Theophanov is also Website creator and organizer of ARABIADA: Arabs and the Arab World Website (in Bulgarian):
https://www.theophanov.com

=== Honors and awards ===

- The Japan Foundation Grant for eminent leaders in the fields of culture, education, and the arts, 1994.
- Al-Mutawa Visiting Fellowship. Oxford Centre for Islamic Studies, 1999–2000.
- Alaluddin Rumi Foundation Award, 2001.
- Prize of the readers of the Newspaper Zaman for Contribution to the Social Peace, 2004.
- The Blue Ribbon Insignia of Honour of Sofia University ‘St. Kliment Ohridski’, 2017.
- Sheikh Hamad - the most prestigious award in the Arab world for achievements in translation from Arabic and for contribution to understanding between peoples, 2023.

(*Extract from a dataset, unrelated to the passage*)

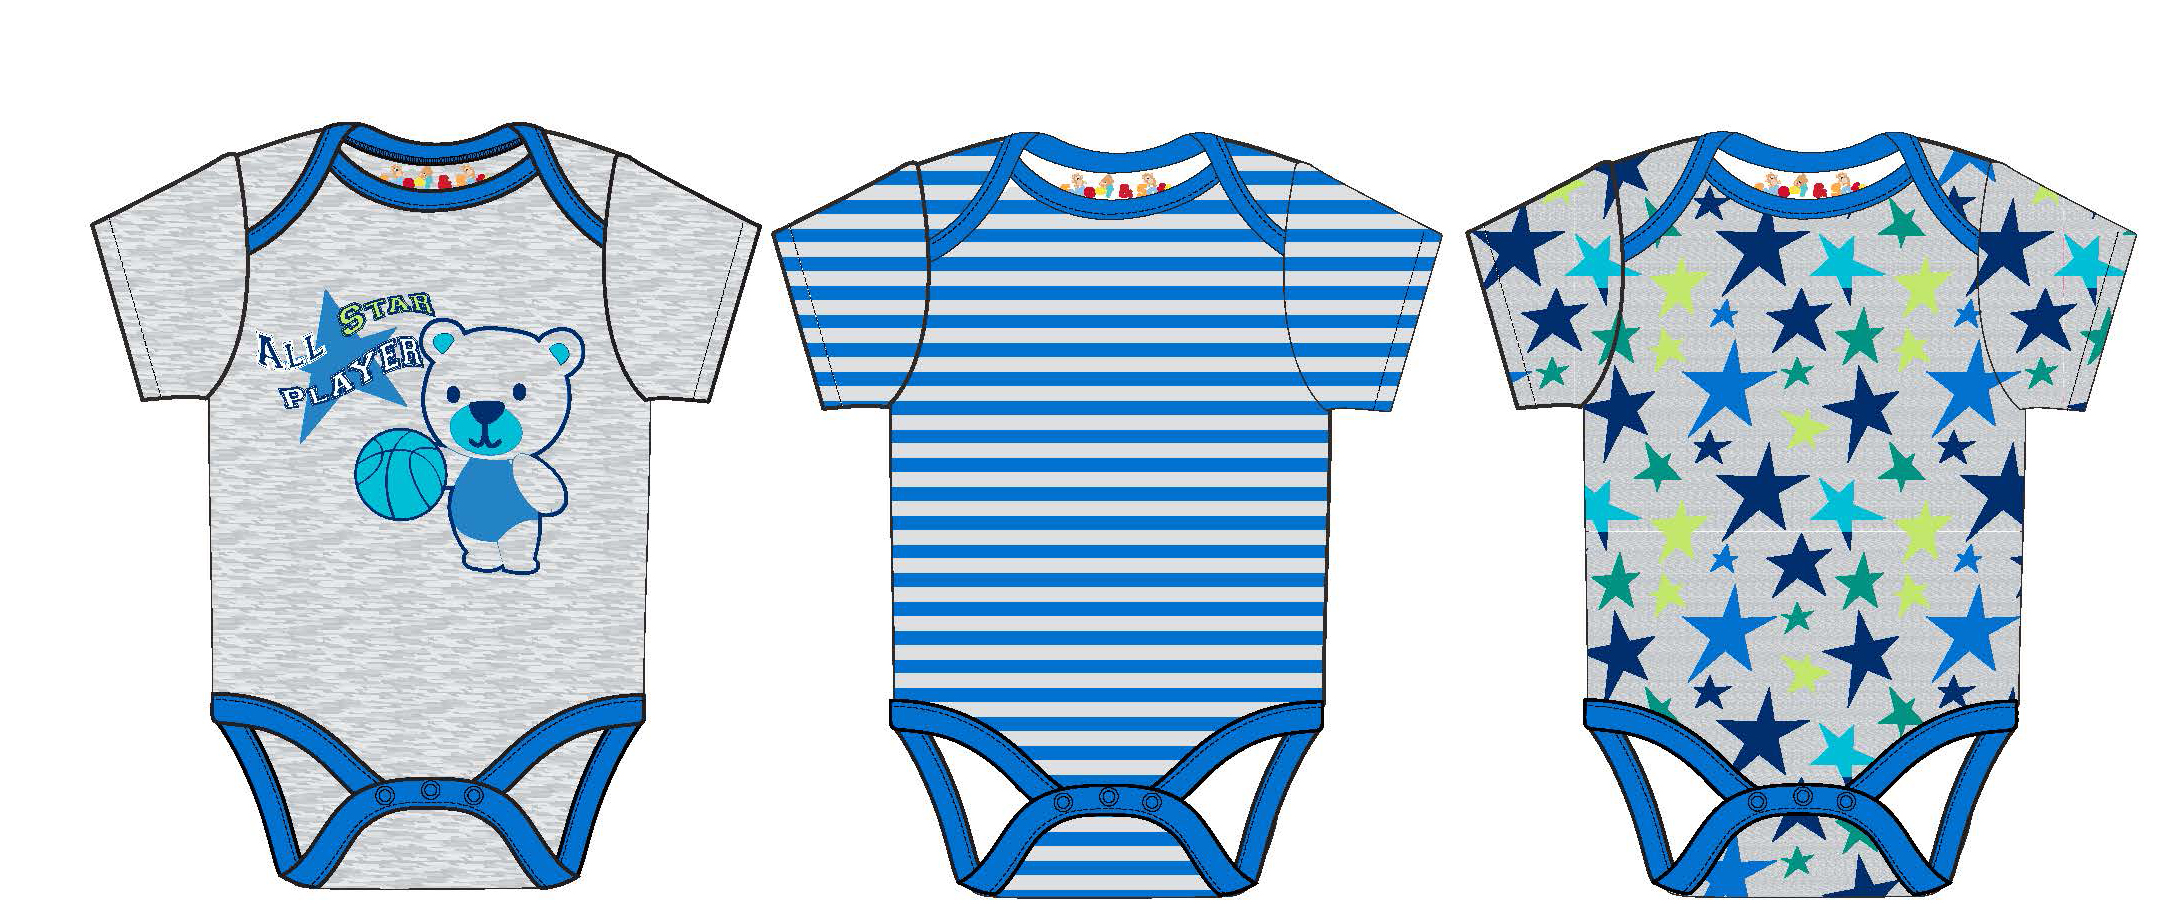 Baby Boy's Printed Short-Sleeve Onesie w/ Striped & All Star Bear Print - Sizes 0/3M-9M
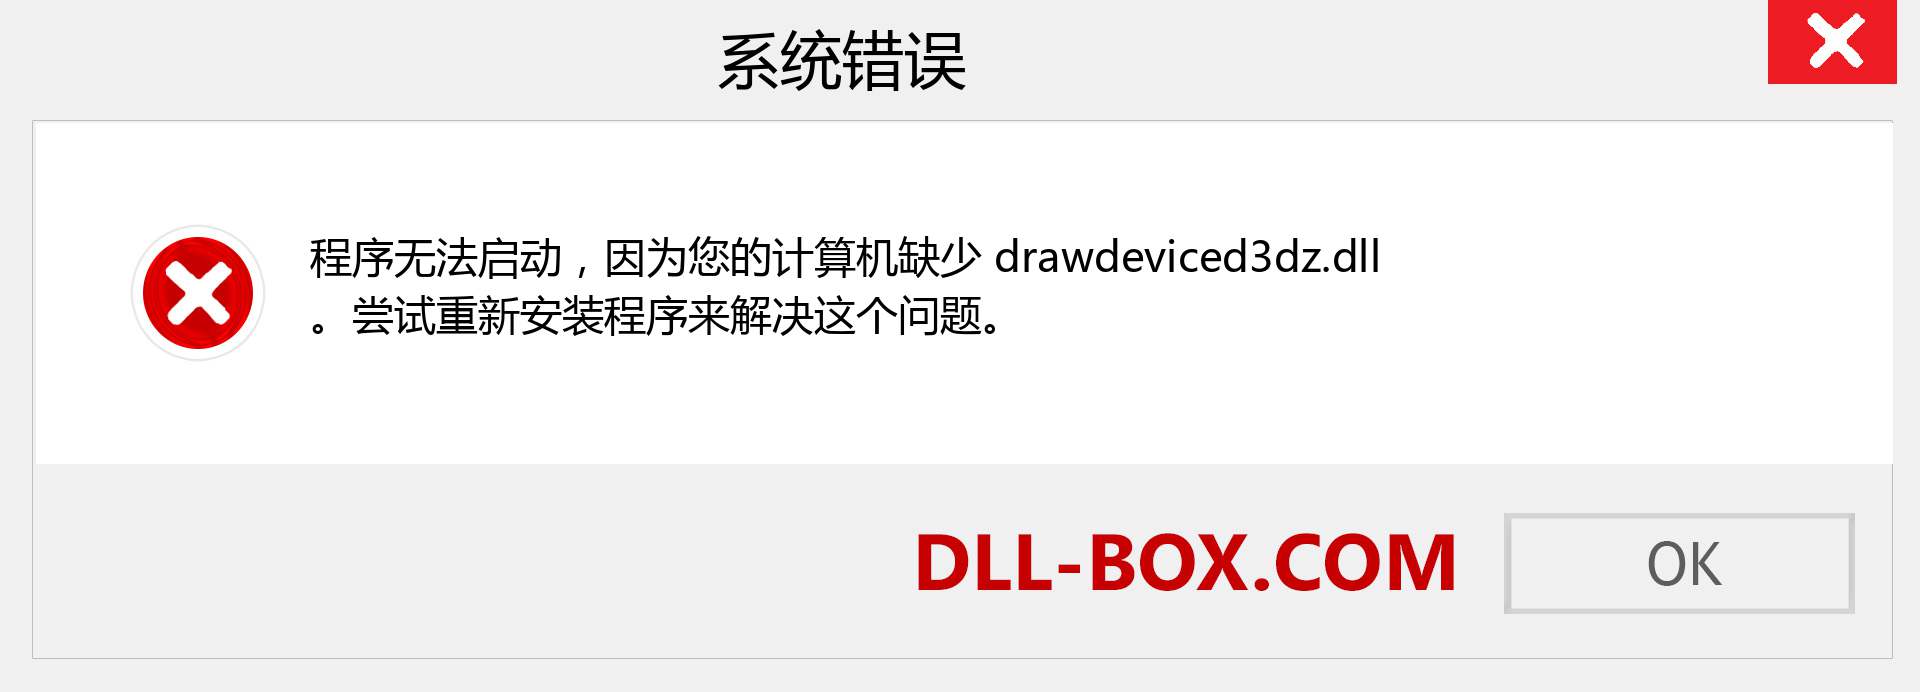 drawdeviced3dz.dll 文件丢失？。 适用于 Windows 7、8、10 的下载 - 修复 Windows、照片、图像上的 drawdeviced3dz dll 丢失错误

== Books and other works ==

- Phenomenology of the Prophet. Sofia. 2015.
- The Medieval Arabic Culture: From Paganism to Islam. Sofia, 2004.
- The Medieval Arabic Culture. Vol. 1. Context. Text. Deeper Meanings. Sofia, 2001.
- The Medieval Arabic Culture. Vol. 2. Love. Wine. Wisdom. Sofia, 2002.
- The Pre-Islamic Arabic Poetry. Sofia, 1998.
- Translation of the Holy Quran into Bulgarian with introduction, commentaries, thematic index. Sofia, 1 ed. – 1997, 2 ed. – 1999, 3 ed.-, 4 ed.
- Translation of Imam Nawawi's book The Gardens of the Righteous (Riyadh as-Saliheen) (2 volumes). Sofia, 2008, 2015.
- Translation from English into Russian Shukran Vahide's book Islam in Modern Turkey: An Intellectual Biography of Bediuzzaman Said Nursi. Istanbul, 2008.
- “Canon and Individuality in Old Arabic Poetry”. XVIIth Congress of Union Européenne des Arabisants et Islamisants (Saint-Petersburg, August 22–26, 1994).
- “Abu-l-Atahiya and the Philosophy”. XVIIIth Congress of Union Européenne des Arabisants et Islamisants (Leuven–Gent, September 3–10, 1996).
- “The Dīwān al-Hudhaliyyīn and the Rite de passage manqué”. In: Studies in Arabic and Islam. Leuven-Paris-Sterling, VA, 2002, pp. 337–346.